# Did I get a good deal?



## SGTRick1775 (May 7, 2008)

I recently puchased a S&W Airwieght .38 special revolver with laser grips for 550 bucks. The finish on it is so-so, you can tell it was a carried piece.


I did some research before I bought it but now finding some cheaper ones on gunbroker.


Was this a fair price?


----------



## DevilsJohnson (Oct 21, 2007)

Gunbroker has sellers from all over so you might want to see if you can narrow it to as close to you as possible. I see those around here though around 425.00


----------



## BeefyBeefo (Jan 30, 2008)

If you like it, you shoot it well, and you plan on keeping it for a long time to come, then I'd say you got a good deal. :smt023

-Jeff-


----------



## DevilsJohnson (Oct 21, 2007)

Very true...and anything with S&W Is going to hold to increase in value


----------



## SGTRick1775 (May 7, 2008)

DevilsJohnson said:


> Very true...and anything with S&W Is going to hold to increase in value


Good news, I'm in the central florida area and prices can be a little high here. The guy did throw in 3 boxes of ammo and a cheap-o holster. The fiance really wanted it.

And now that shes got a gun, shes always wanting to go to the range or read guns & ammo magazines with me. So in that case it was a worthwile investment.
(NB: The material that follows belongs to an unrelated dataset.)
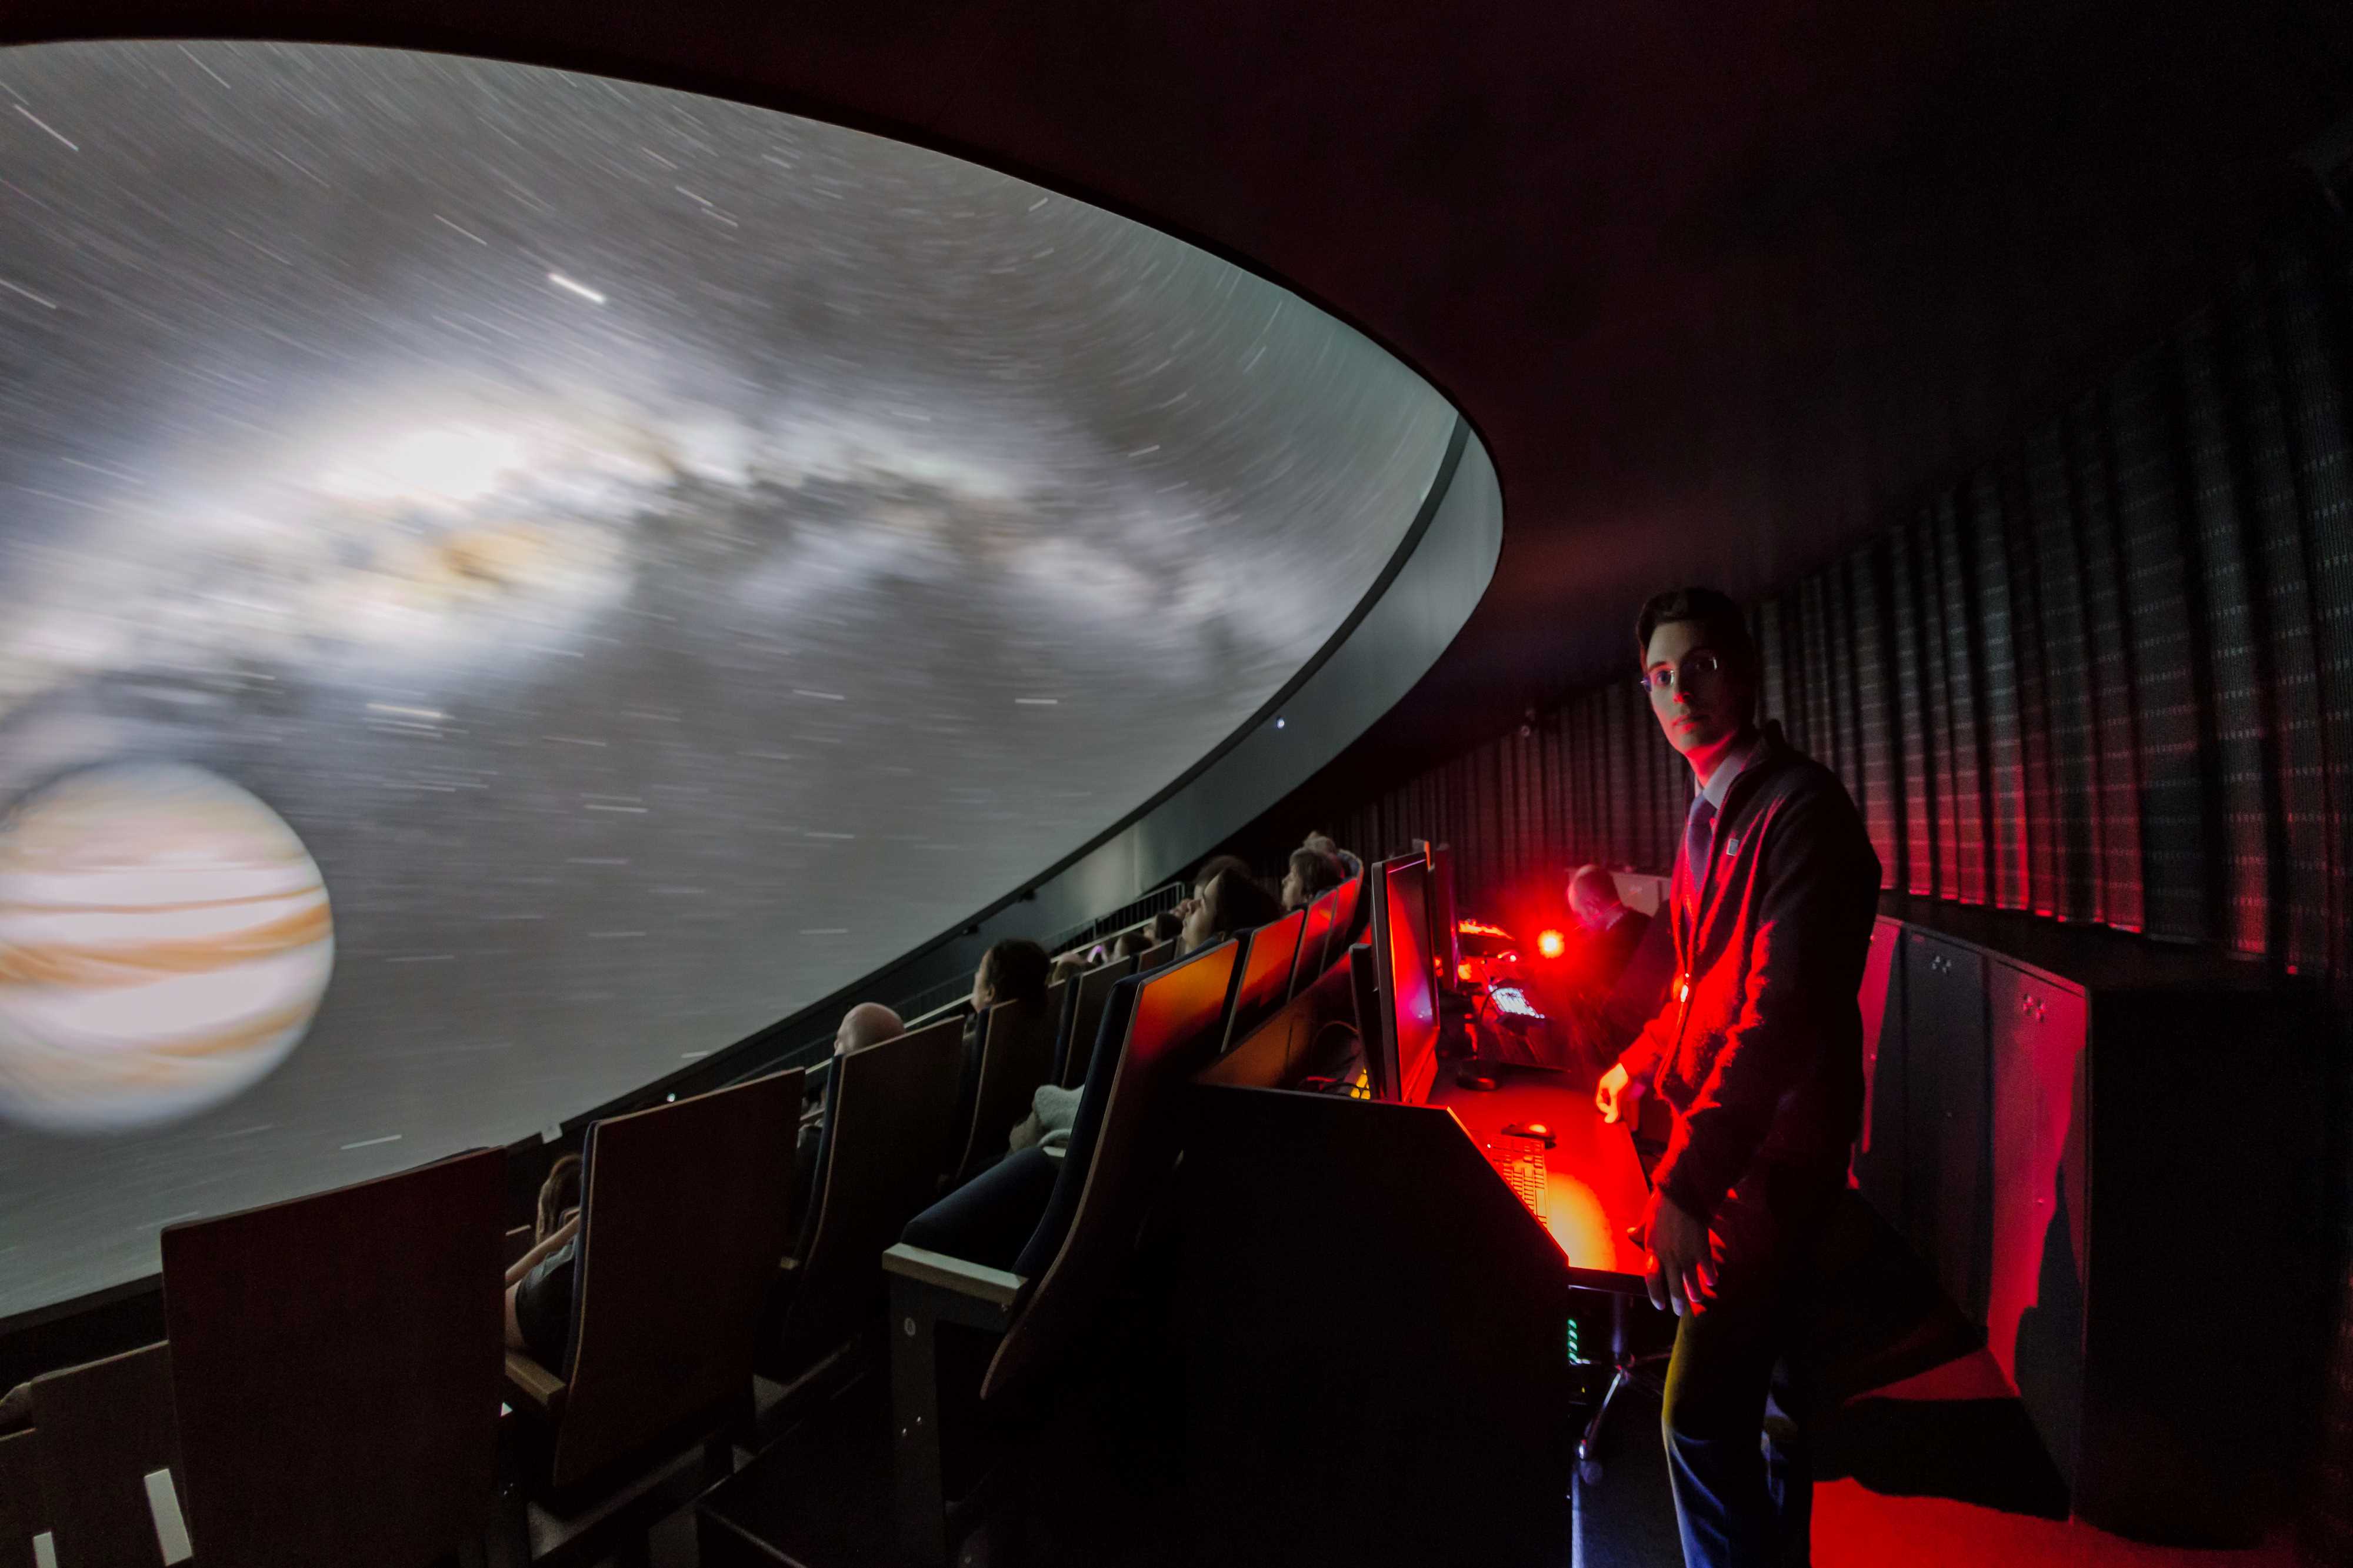 Έλληνας αστροφωτογράφος και ντοκιμαντερίστας ταξιδεύει και βιντεοσκοπεί το σύμπαν μέσα απ' τα μεγάλα τηλεσκόπια της Γής

Now if only I could talk her into getting a Harley.:smt082


----------



## BigMatt (Sep 4, 2008)

You dont want a Harley, you will spend all your extra money working on that POS, I am a Sales and Finance Manager at the Third largeast Honda dealer in the Southern Region Let me fix you up with a VTX1800 for less then 9000 bucks!


----------



## kev74 (Mar 22, 2008)

+1 for the Hondas! I've got a 70 and a 71 CB750 that just won't quit! :smt023


----------



## DevilsJohnson (Oct 21, 2007)

SGTRick1775 said:


> Good news, I'm in the central florida area and prices can be a little high here. The guy did throw in 3 boxes of ammo and a cheap-o holster. The fiance really wanted it.
> 
> And now that shes got a gun, shes always wanting to go to the range or read guns & ammo magazines with me. So in that case it was a worthwile investment.
> 
> Now if only I could talk her into getting a Harley.:smt082


Well with the addons and where you are at I'd say you did OK then for sure. Great job getting the little woman wanting to shoot. My wife is not a big gun person. she keeps telling me that she would rather use a knife. These dang Ky native American women are a rough bunch sometimes..lol

As for the Harley? Good luck..heh I miss riding more every time I see a real nice bike on the road. Dang back of mine would let me do it near as much as I'd like so I just keep looking. i do like the look of those Victory bikes a lot. I had a couple Harleys..I liked them pretty well. My first bike was an old Honda CB 350, I loved that bike until I got a good one..A Triumph Bonniville :smt023 There's just noting like getting out there and stretching one of those bad cats out..Bikes in general. whatever someone likes makes it the one to have.:smt033


----------



## BeefyBeefo (Jan 30, 2008)

+2 on the Honda...2005 VTX1300C and LOVE it!

-Jeff-


----------



## SGTRick1775 (May 7, 2008)

BeefyBeefo said:


> +2 on the Honda...2005 VTX1300C and LOVE it!
> 
> -Jeff-


I ride a V-Rod and it's my baby, it is fuel injected, liquid cooled so no problems like the air head harleys, I love it and would have no other bike, as for her wanting to ride I guess I'm just going to have to settle for her wanting to shoot which is fine by me.:smt023


----------



## roc2283 (Oct 29, 2008)

+1 for non-Harley

They do make some nice looking bikes, but for what you pay for them (including the mark-ups that most dealers have) they're just not worth it... to me at least. I picked up a Yamaha Warrior in June to replace a Kawasaki Vulcan and couldn't be happier.


----------



## Deltaboy1984 (Jun 1, 2008)

You got a good deal.


----------